Sunday, 9 June 2013

Woe is me....

...that is how I feel today.  I think I'm entitled to a small amount of self pity.  The question that keeps going round in my head is "why is me", "when will the bad stuff stop"?

Two weeks after my burn I am trying to be positive - yesterday I had my first ever facial, manicure & pedicure.  I also had my hair cut.  I went to my usual hairdressers - The Hairdressers http://www.thehairdressersnottingham.co.uk/.  They were extremely wonderful and I had the most relaxing time. 
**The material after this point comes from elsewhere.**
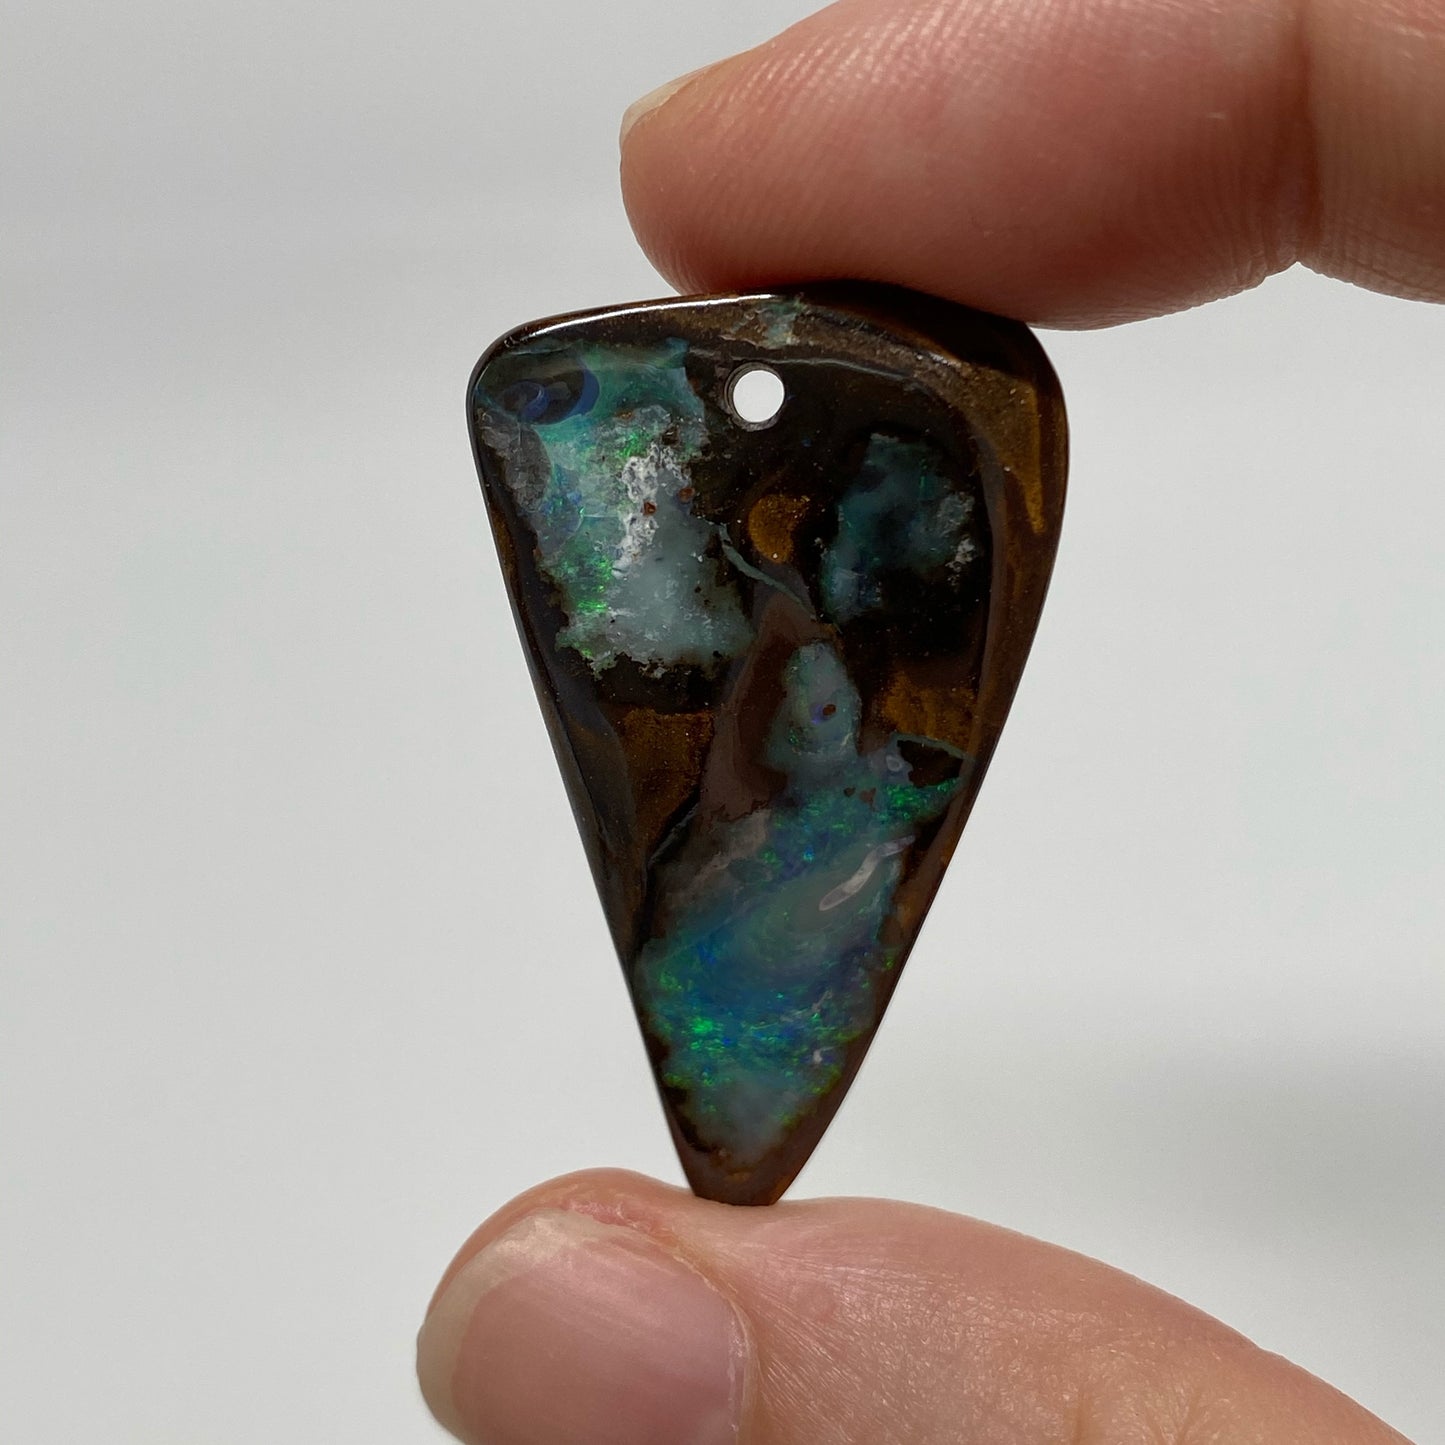 40.46 Ct drilled boulder opal

Today I feel very down and teary.

Then again - is it because it's a Sunday?  Sunday's have always been the day I have felt most alone and down.  As a child I would take myself off pretending to meet non existent friends but would wander the streets on my own perhaps venturing into a park to view from a safe distance families having fun together or friends playing.  When shops started to open on a Sunday I would wander around these just to be around people.

Sundays heighten my sense of loss and my feelings of worthlessness.

I keep looking at my pretty painted fingers and toes (vain & superficial I know) to brighten me up.  This morning I had a clean and tidy around the house. 

To help me a heal a positive attitude is paramount but I must also acknowledge and accept what has happened.  Extremely difficult.